Winnipeggers appear strongly opposed to hiking property taxes and say, instead, that the City of Winnipeg should look to higher levels of government for funding support and reduce its spending on less-essential services, a poll recently commissioned by the Winnipeg Chamber of Commerce says.

The Probe Research poll of 600 Winnipeggers found 88% of respondents favoured looking to provincial or federal governments for revenues to fund city programs and services, and 81% favoured a services review, so Winnipeg can focus on those services considered more essential.

Also, 58% said the City should hike business taxes, which is at odds with Winnipeg’s current practice; 5% strongly agreed and 25% somewhat agreed that property taxes should increase.

When asked which of the options – pushing for greater transfers; service review/reduce spending; tax increases – should be pursued as a strategy, the most popular was the service review.

“We believe that there is a lot of value in the feedback Winnipeggers are sending on the City’s dilemma – it simply doesn’t have the capacity to raise the revenues required for all the demands it faces,” MHCA President Chris Lorenc said.

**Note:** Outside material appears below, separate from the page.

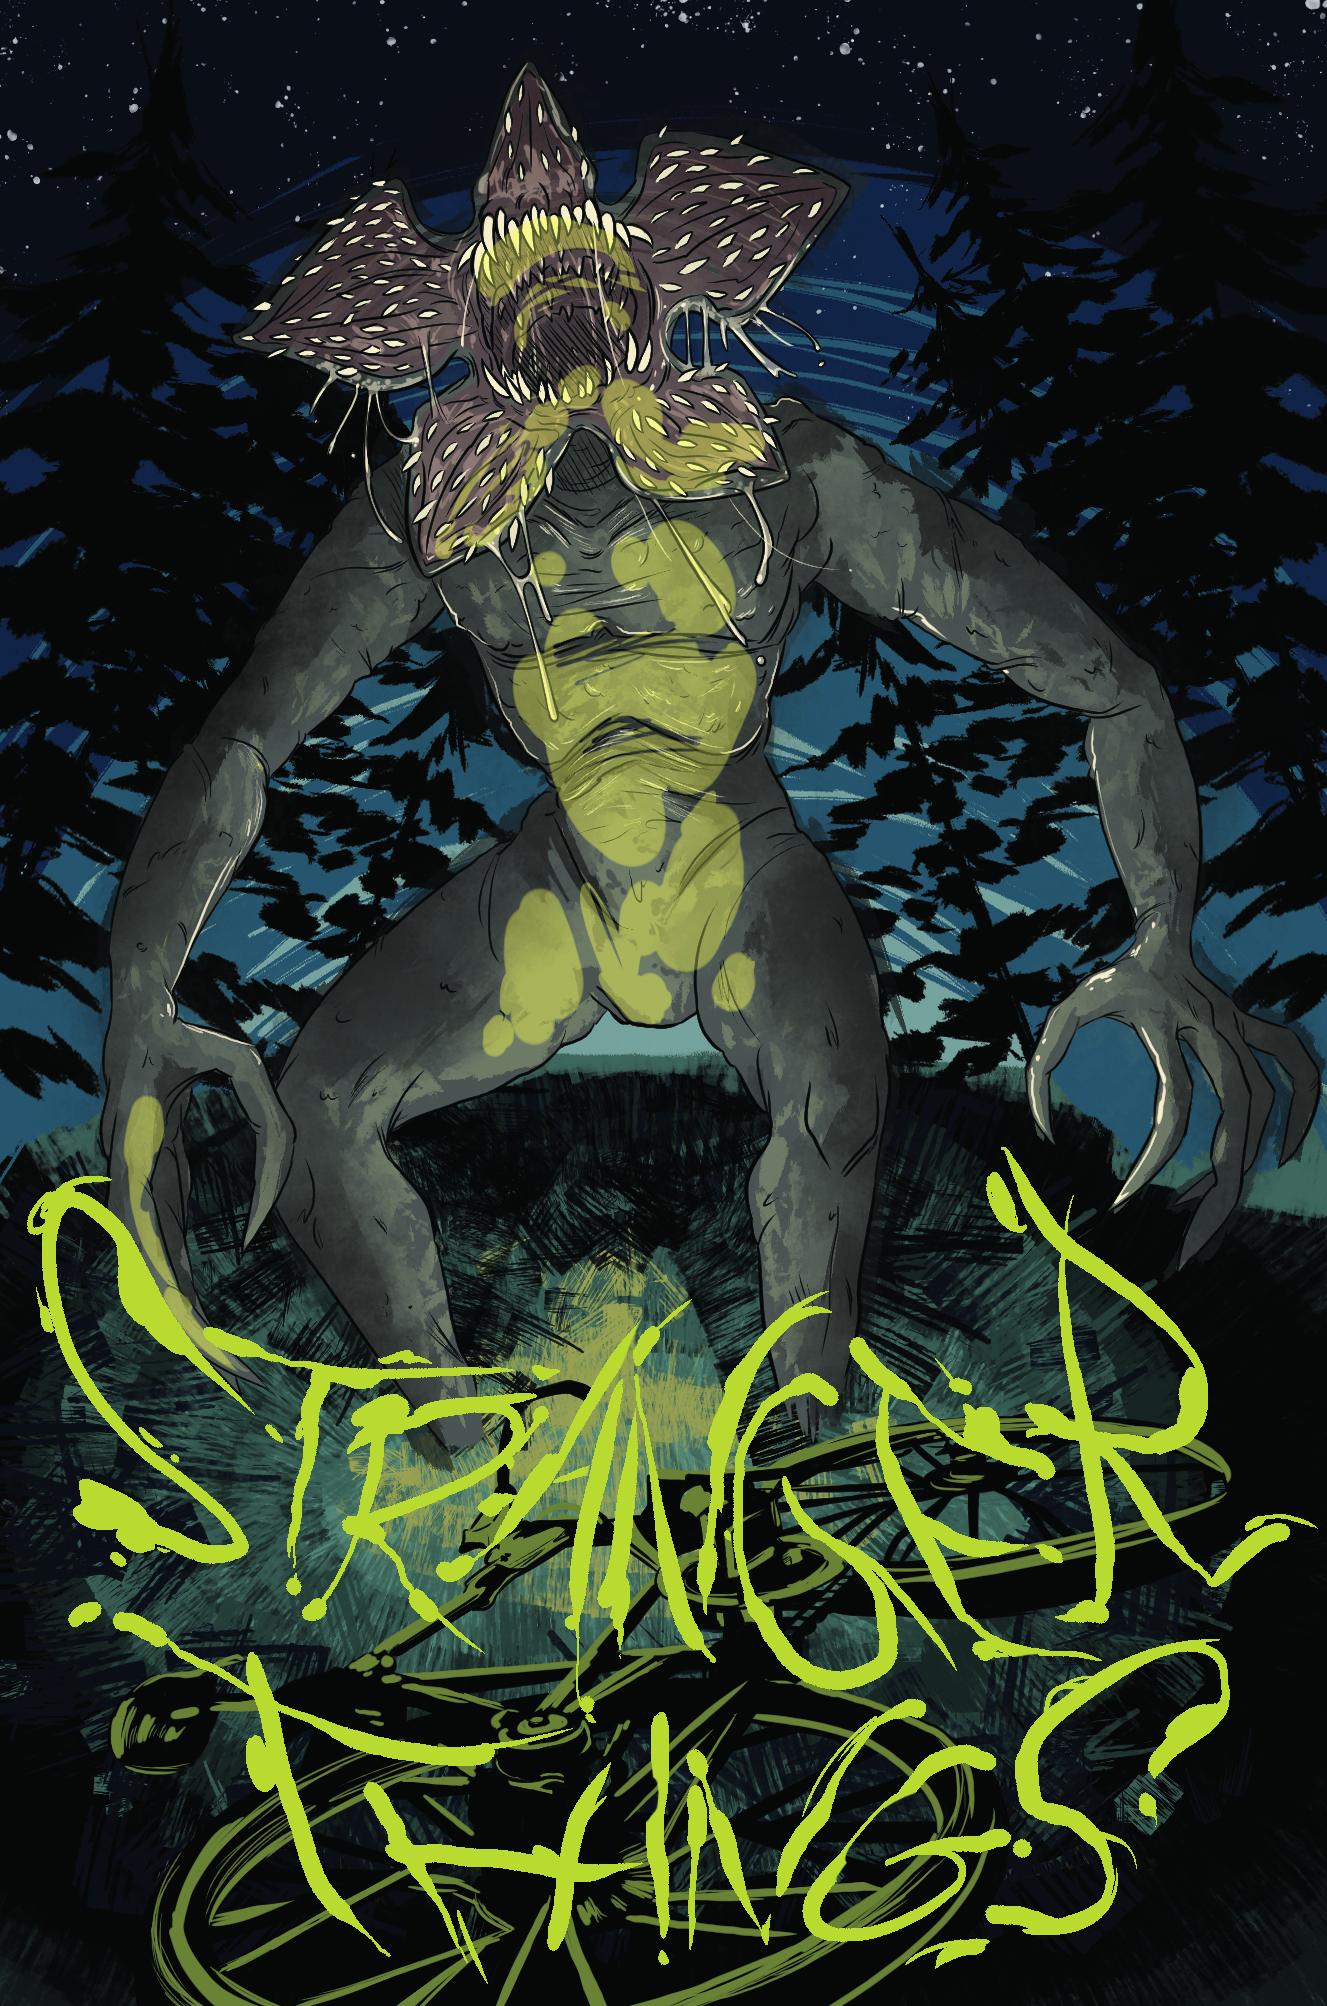 Demogorgon from Stranger Things

“A service review is always good management practice, but the fact is that owning 50% of the public infrastructure means a municipality, especially larger cities, simply cannot alone afford to maintain or construct these assets.”

That requires a new fiscal deal with provincial and federal governments, he said. Currently, cost-shared infrastructure programs look to split project costs equally, which doesn’t recognize that cities only collect about 8 cents of every tax dollar.

The survey results are accurate ±4.0%.